If she had been lucky enough to catch a carriage immediately on reaching Commercial Road at the junction of Berner Street, she might have told the cab driver that she needed to get to Bishopsgate Police Station quickly. She had witnessed a fight, a woman wearing a red rose in her lapel had been injured, and she wished to report the crime. It would have been a plausible enough explanation, and it was, of course, based on truth.

It must have been a rapid carriage ride, and at that time of night the journey could have been accomplished in ten minutes or less. So it was at least possible for Lizzie Williams to have arrived in Bishopsgate before, or very soon after, Kelly’s release. Time was indeed short, and if she had arrived later, Lizzie Williams might have missed Kelly and the fourth murder would never have happened. But the fact remains that her next victim
was
murdered, which means, we believe, that Lizzie Williams got there in time.

The woman wearing the green and black bonnet was released from custody at around 1.00 a.m., and soon afterwards Lizzie Williams approached her. Once again, two women out walking together would barely have been noticed; they could have walked though the police cordons unhindered and past the numerous plain-clothes detectives, who were already combing the streets for the murderer of the Buck’s Row and Hanbury Street victims, and now for the murderer of the Berner Street victim too.

The woman might have confirmed, if and when Lizzie Williams asked, that her name was Mary Kelly and that she lived in Spitalfields. Lizzie would then have been sure that she had found the right person. The distance from Bishopsgate Police Station to Mitre Square is four hundred yards, so the walk would have taken them no longer than five minutes, even walking at a slow pace – though speed was less critical than timing, as would soon become apparent.

But the woman was not Mary Kelly and 6 Fashion Street was not her address, as she had told Sergeant Byfield upon her discharge from custody, though she did live in Spitalfields. Her real name was Catherine Eddowes and she lived in Crossingham’s, a common lodging house in Dorset Street. Catherine Eddowes, also known as Mary Kelly, may have been seen on the short journey by two witnesses: Joseph Lawende, a salesman, and Joseph Hyam Levy, a butcher. Their evidence was that at 1.33 or 1.34 they saw a man and woman talking together at the entrance to Church Passage, which led to Mitre Square. However, since neither witness could identify Eddowes, or provide the police with a description of her, their alleged sighting is inconclusive and it might not have been her. However, if it was Eddowes they saw, it would not have been surprising that Lizzie Williams was nowhere to be seen; just as in the case of Annie Chapman, who had walked on a little way alone in Hanbury Street to meet a man, so Catherine Eddowes may have acted in the same manner. Both women would have been known to many clients in the neighbourhood whom they would not wish to turn away.

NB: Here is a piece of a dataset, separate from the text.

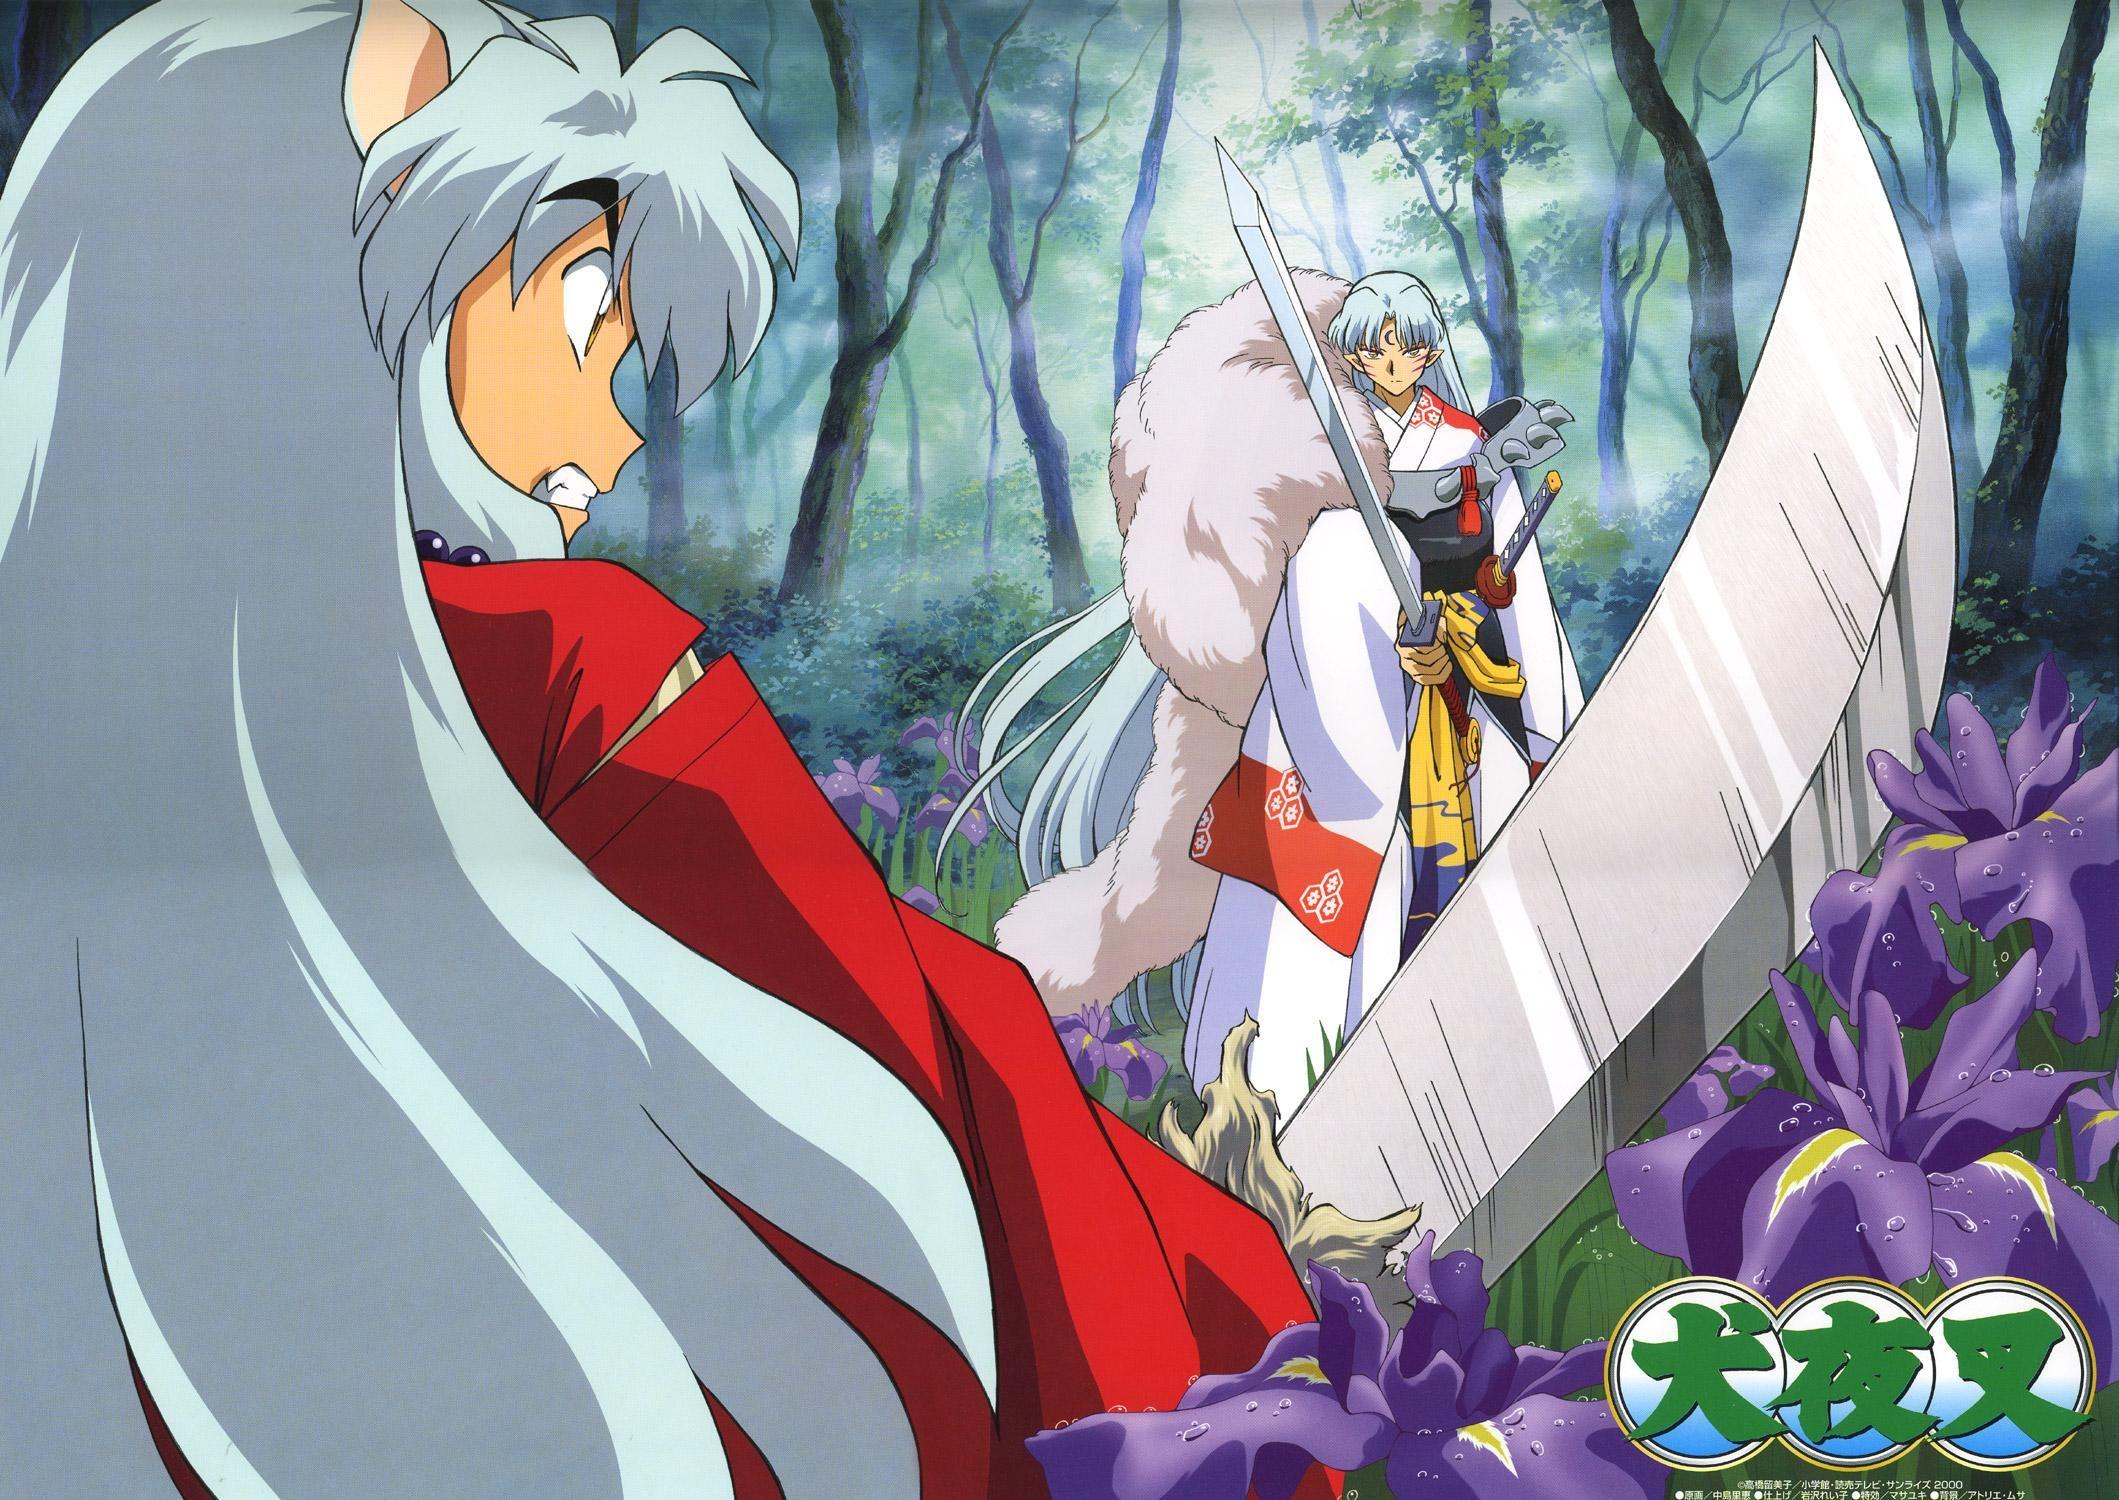 Inuyasha And Sesshomaru About To Battle Inuyasha Official Artwork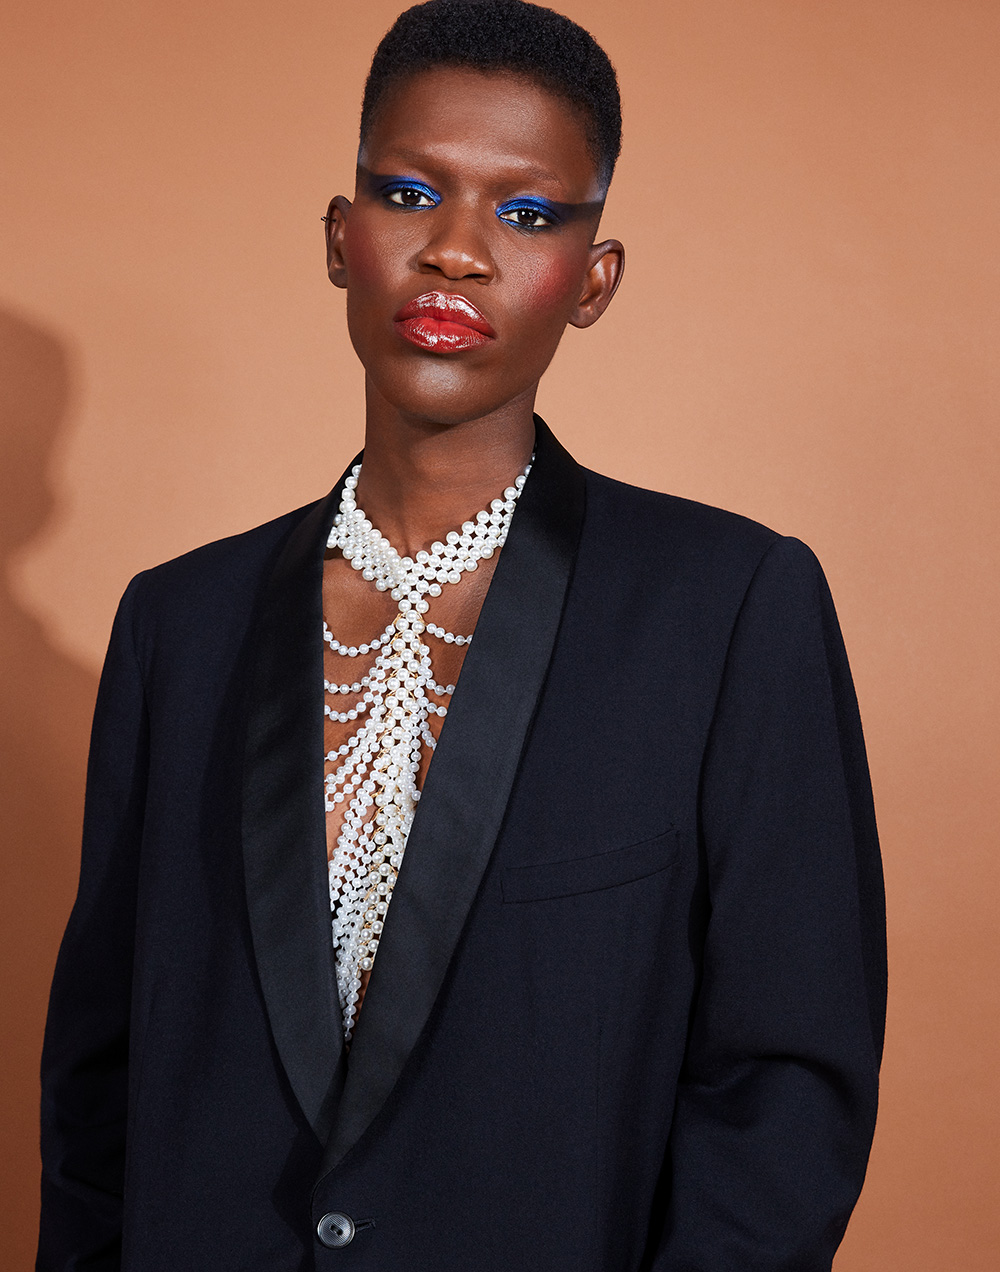 blazer JUNYA WATANABE, necklace Stylist's Own

We believe that when the two eyewitnesses had gone, the man Eddowes had spoken to (if it was her) also left (intending to meet her later perhaps?), and it was Eddowes who led Lizzie Williams through one of the three entrances into Mitre Square; two were narrow foot passageways, the third was a slightly wider
carriageway
. The ill-lit square was darkest in the southern corner and it was here that Eddowes led her clients for sexual purposes. It was to that same corner that Catherine Eddowes brought Lizzie Williams.